Hazard pointers are a technique for safely reclaiming memory in lock-free code without garbage-collection.
The idea is that before accessing an object that can be deleted concurrently, a thread sets its hazard pointer to point to that object. A thread that wants to delete an object will first check whether any hazard pointers are set to point to that object. If so, deletion will be postponed, so that the accessing thread does not end up reading deleted data.
Now, imagine our deleting thread starts to iterate the list of hazard pointers and at the i+1
element it gets preempted. Now another thread sets the hazard pointer at i
to the object that the deleting thread is currently trying to delete. Afterwards, the deleting thread resumes, checks the rest of the list, and deletes the object, even though there is now a hazard pointer at position i
pointing to the object.
So clearly just setting the hazard pointer is not enough, as a deleting thread might already have checked our hazard pointer and decided that our thread does not want to access the object. How can I make sure, after setting a hazard pointer, that the object I'm trying to access won't be deleted from under my hands?
The original paper by Maged M. Michael places this important restriction on algorithms using hazard pointers:
The methodology requires lock-free algorithms to guarantee that no thread can access a dynamic node at a time when it is possibly removed from the object, unless at least one of the thread’s associated hazard pointers has been pointing to that node continuously, from a time when the node was guaranteed to be reachable from the object’s roots. The methodology prevents the freeing of any retired node continuously pointed to by one or more hazard pointers of one or more threads from a point prior to its removal.
As pointed out in Anton's answer, deletion is a two-phase operation: First you have to 'unpublish' the node, remove it from the data structure so that it can no longer be accessed from the public interface.
At this point, the node is possibly removed, in Michael's terms. It is no longer safe for concurrent threads to access it (unless they already have been holding a hazard pointer to it throughout).
Thus, once a node is possibly removed, it is safe for the deleting thread to iterate the list of hazard pointers. Even if the deleting thread gets preempted, a concurrent thread may not access the node anymore. After verifying that no hazard pointers are set to the node, the deleting thread can safely proceed to the second phase of deletion: The actual deallocation.
In summary, the order of operations for the deleting thread is
D-1. Remove the node from the data structure.
D-2. Iterate the list of hazard pointers.
D-3. If no hazards were found, delete the node.
The real algorithm is slightly more involved, as we need to maintain a list of those nodes that cannot be reclaimed and ensure that they get deleted eventually. This has been skipped here, as it is not relevant to explain the issue raised in the question.
Setting the hazard pointer is not enough to guarantee safe access to it. After all, the node might be possibly removed by the time we set our hazard pointer.
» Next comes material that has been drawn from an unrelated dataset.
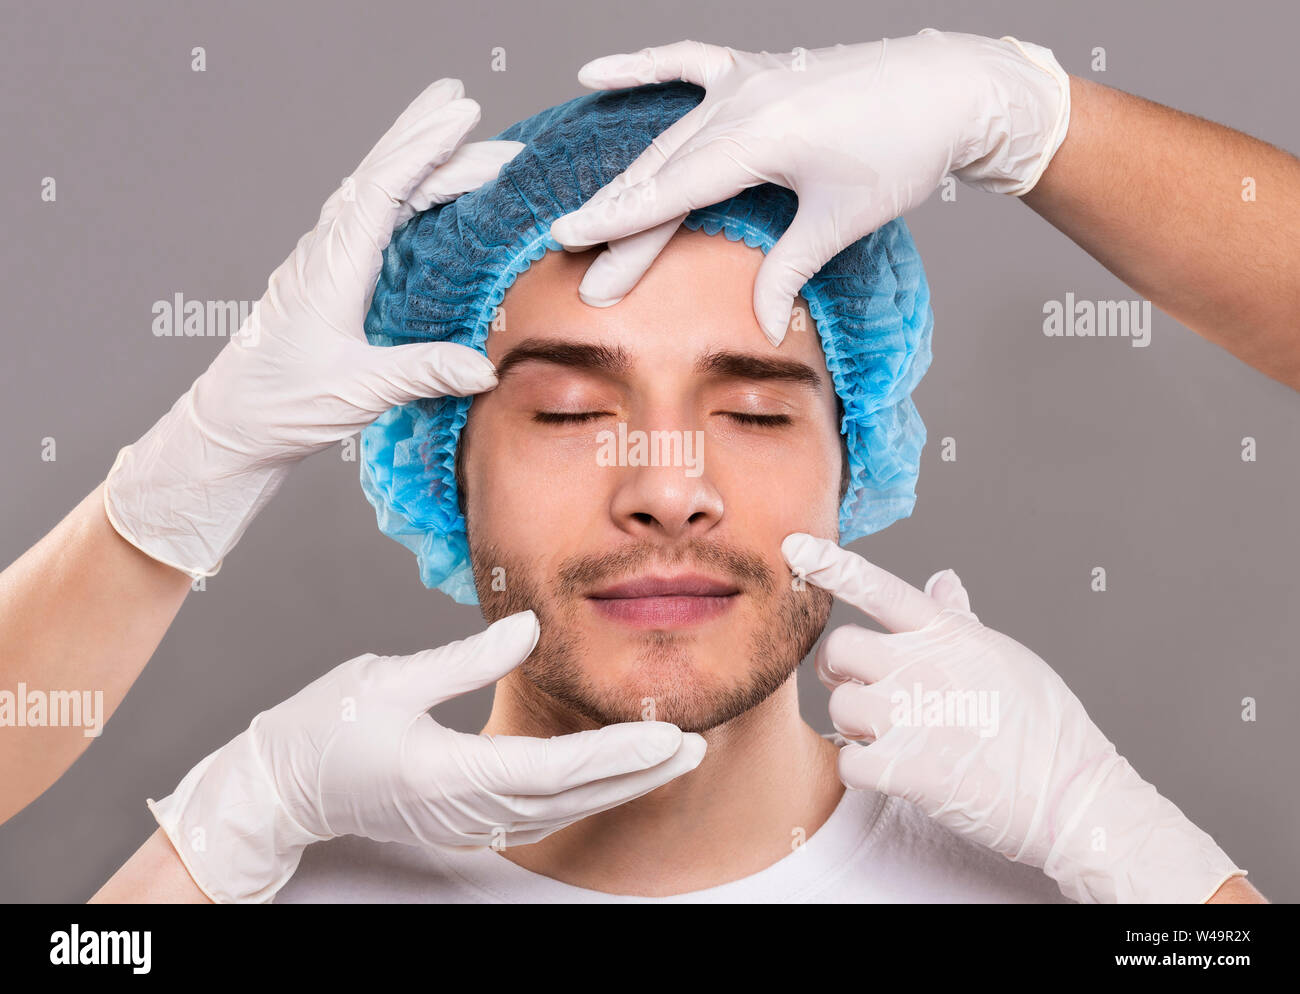 Dottore le mani in guanti controllo volto del giovane uomo Foto Stock

The only way to ensure safe access is if we can guarantee that our hazard pointer has been pointing to that node continuously, from a time when the node was guaranteed to be reachable from the object’s roots.
Since the code is supposed to be lock-free, there is only one way to achieve this: We optimistically set our hazard pointer to the node and then check whether that node has been marked as possibly deleted (that is, it is no longer reachable from the public root) afterwards.
Thus the order of operations for the accessing thread is
A-1. Obtain a pointer to the node by traversing the data structure.
A-2. Set the hazard pointer to point to the node.
A-3. Check that the node is still part of the data structure.
That is, it has not been possibly removed in the meantime.
A-4. If the node is still valid, access it.
After a node has been possibly removed (D-1
), the deleting thread could be preempted. Thus it is still possible for concurrent threads to optimistically set their hazard pointer to it (even though they are not allowed to access it) (A-2
).
Therefore, the deleting thread might detect a spurious hazard, preventing it from deleting the node right away, even though none of the other threads will access the node anymore. This will simply delay deletion of the node in the same way a legitimate hazard would.
The important point is that the node will still be deleted eventually.
An accessing thread may get preempted by a deleting thread before verifying that the node has not been potentially removed (A-3
). In such a case, it is no longer allowed to access the object.
Note that in case the preemption occurs after A-2
, it would even be safe for the accessing thread to access the node (since there was a hazard pointer pointing to the node throughout), but since it is impossible for the accessing thread to distinguish this case, it must fail spuriously.
The important point is that a node will only ever be accessed if it has not been deleted.